Из упомянутых исследований Поллока следовал, в частности, вывод, что капитализм, описанный классической политической экономией, вслед за которой шел Маркс, подвергался в XX веке довольно серьезной метаморфозе, становясь во все большей степени государственным, то есть управляемым, капитализмом. Во времена Кейнса, провозгласившего «конец laissez-faire[112]», чисто экономическое содержание этого вывода не произвело, правда, никакой сенсации, но он имел немалое значение с точки зрения предпринятой во Франкфуртской школе модернизации марксизма, поскольку означал очередное сомнение в убеждении о второстепенности «надстройки» по отношению к экономическому «базису». Впрочем, ему сопутствовало предположение, что истинность тезиса о примате экономики исторически ограничена, а экономия должна непременно быть политической, поскольку экономические отношения являются все более отношениями власти. Однако, что еще важнее, из этих исследований следовал также вывод, что в будущем, которое возможно предвидеть, капитализм будет сам справляться со своими трудностями, в которых ортодоксальные марксисты привыкли видеть предвестие его скорого краха.

Вообще характерно, что Франкфуртская школа занималась не столько слабыми местами капиталистической системы, сколько его дьявольской, по ее мнению, силой, которая проявляется, с одной стороны, во все лучшем удовлетворении материальных потребностей, а с другой – во все более эффективном лишении членов общества дееспособности. В этом контексте она поставила проблему культуры.

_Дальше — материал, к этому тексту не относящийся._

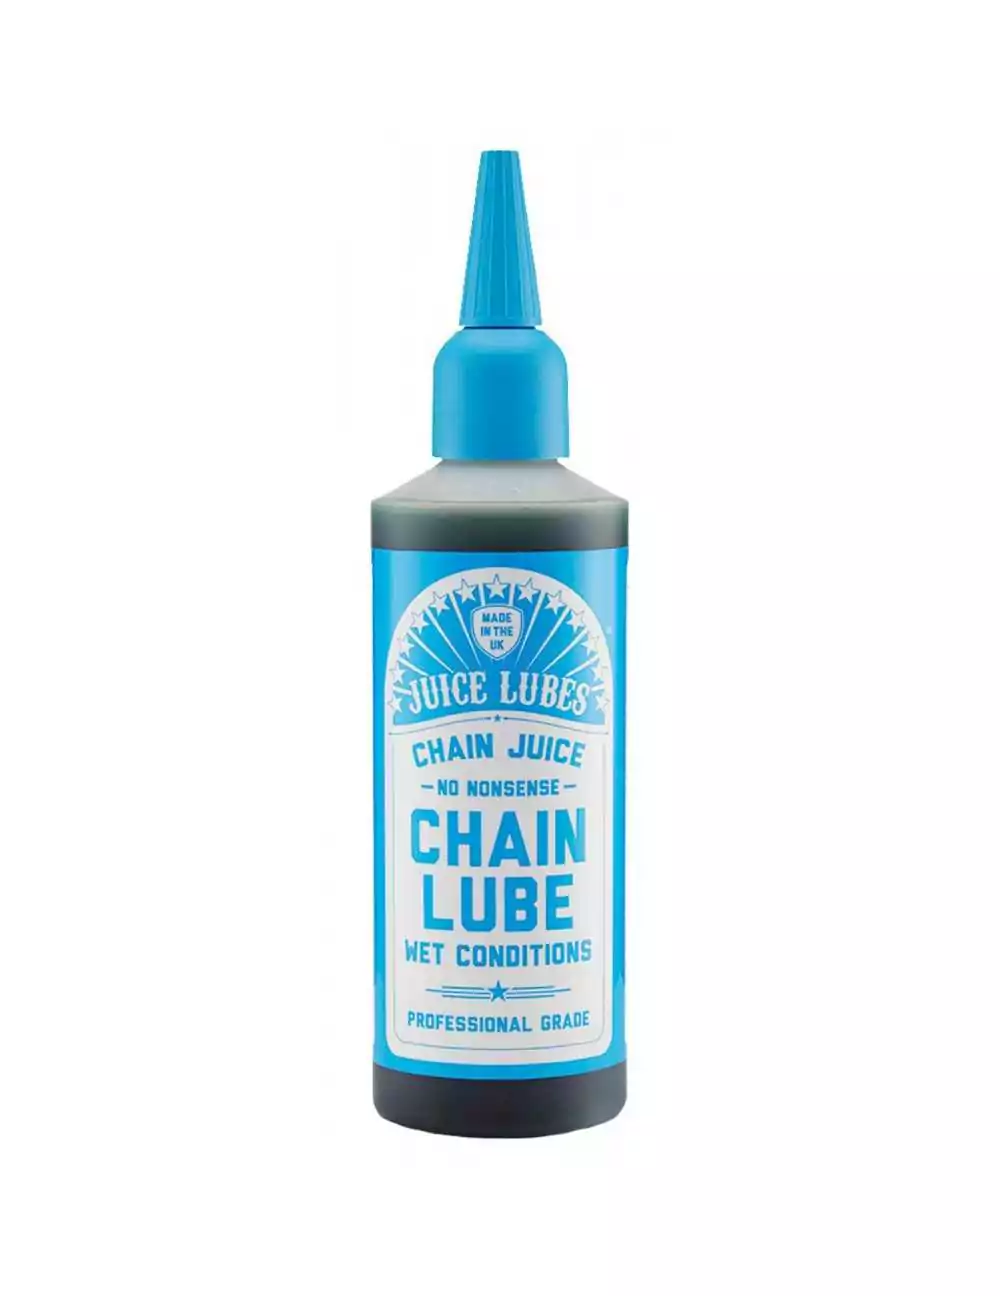 Lubrifiant chaine juice lubes conditions humides 130 ml

Проблематику критической теории культуры мы здесь не будем подробно рассматривать, поскольку речь идет об огромном разнообразии материала, к которому относятся среди прочего труды по социологии литературы, многочисленные критико- и историко-литературные работы и работы по эстетике, а также, например, музыковедческие исследования Адорно. Отдельной темой является, без сомнения, выдающееся творчество Вальтера Беньямина[113]. Нам здесь придется ограничиться теми лишь фрагментами проблематики, которые находятся в непосредственной связи с вопросами, обсуждаемыми до сих пор, то есть прежде всего с вопросом радикальной критики современного общества.

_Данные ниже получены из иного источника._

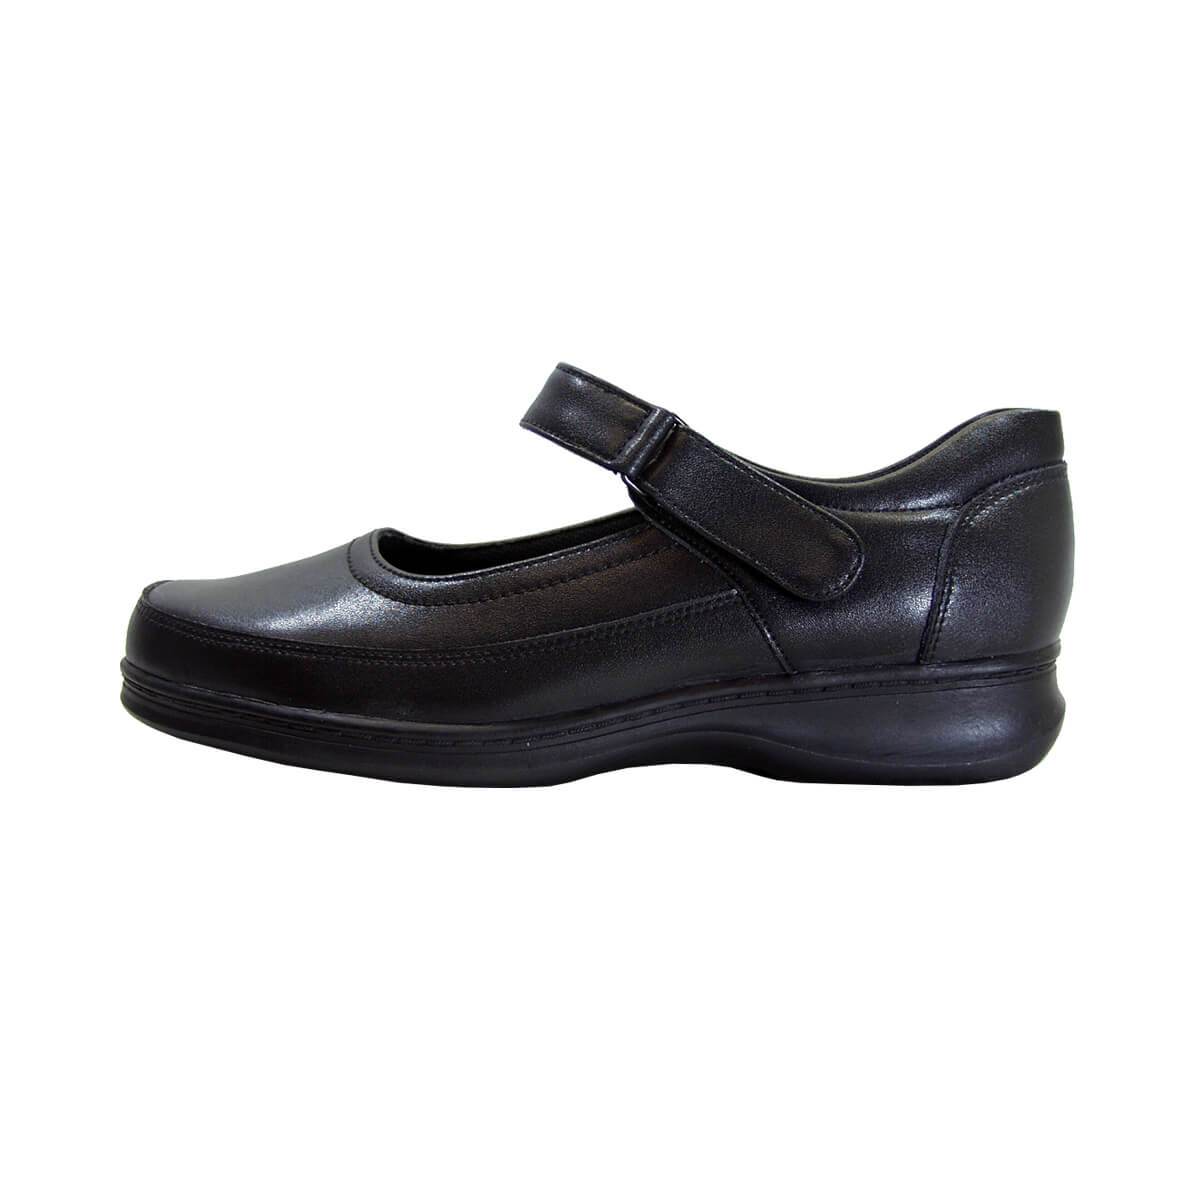 24 HOUR COMFORT Kimmy Women's Wide Width Mary Jane Leather Shoes

Особенно стоит обратить внимание на вышеупомянутую критику массовой культуры, составляющую, по сути, прямое продолжение более ранних анализов явления порабощения и отчуждения. Критика эта представляется необыкновенно важной для верного понимания критической теории как интеллектуальной формации, обращенной, как мы уже упоминали, как против тоталитаризма, так и против либерализма. Сложным для понимания парадоксом является тот факт, что эти эмигрировавшие из Германии мыслители находили в демократической Америке механизмы дегуманизации, аналогичные в известной степени тем, с которыми они имели дело на родине. Это можно понять, если только не забывать о преследующем сторонников критической теории призраке сверхобщественного инструментального разума.

С точки зрения их историософии можно было действительно предположить, что, как напишет Маркузе, «„тоталитарное“ здесь означает не только террористическое политическое координирование общества, но также нетеррористическое экономико-техническое координирование, осуществляемое за счет манипуляции потребностями с помощью имущественных прав»[114]. Падение фашизма было, таким образом, для франкфуртцев не настоящим освобождением, не осуществлением их эмансипаторских утопий, а завершением определенной фазы в развитии того же самого ужасного «общества без оппозиции», в котором никак невозможно быть человеком полностью, то есть свободным, мыслящим, творческим и т. д. существом. Хотя в Америке нет политического террора, люди там все равно бессильны, потеряны, ими манипулируют, их порабощают, они не анализируют происходящее и, что еще хуже, в большинстве своем довольны своей судьбой и не сознают собственных возможностей.

Этот диагноз американского общества был полнее всего описан в работе «One-Dimentional Man. Studies in the Ideology of Advanced Industrial Society»[115] (1964) Герберта Маркузе. Хотя этот автор во многих отношениях отличался от своих коллег, не подлежит сомнению, что его взгляды не были единичным случаем. Подобные рассуждения можно найти и у других авторов, а особенно в книге Хоркхаймера и Адорно «Dialektik der Aufklärung. Philosophische Fragmente»[116] (1947), где в написанном в конце войны предисловии ставится показательный вопрос: «…почему человечество, вместо того чтобы прийти к истинно человеческому состоянию, погружается в пучину нового типа варварства»[117], источником которого оказывается в первую очередь американская «культуриндустрия». Похожие, хотя и менее эффектно сформулированные идеи мы также найдем в «Literature, Popular Culture, and Society»[118] (1961) Лёвенталя. Раньше всего появились, пожалуй, статьи Адорно о популярной музыке, из которых следовало, что она является школой бездумности и конформизма[119].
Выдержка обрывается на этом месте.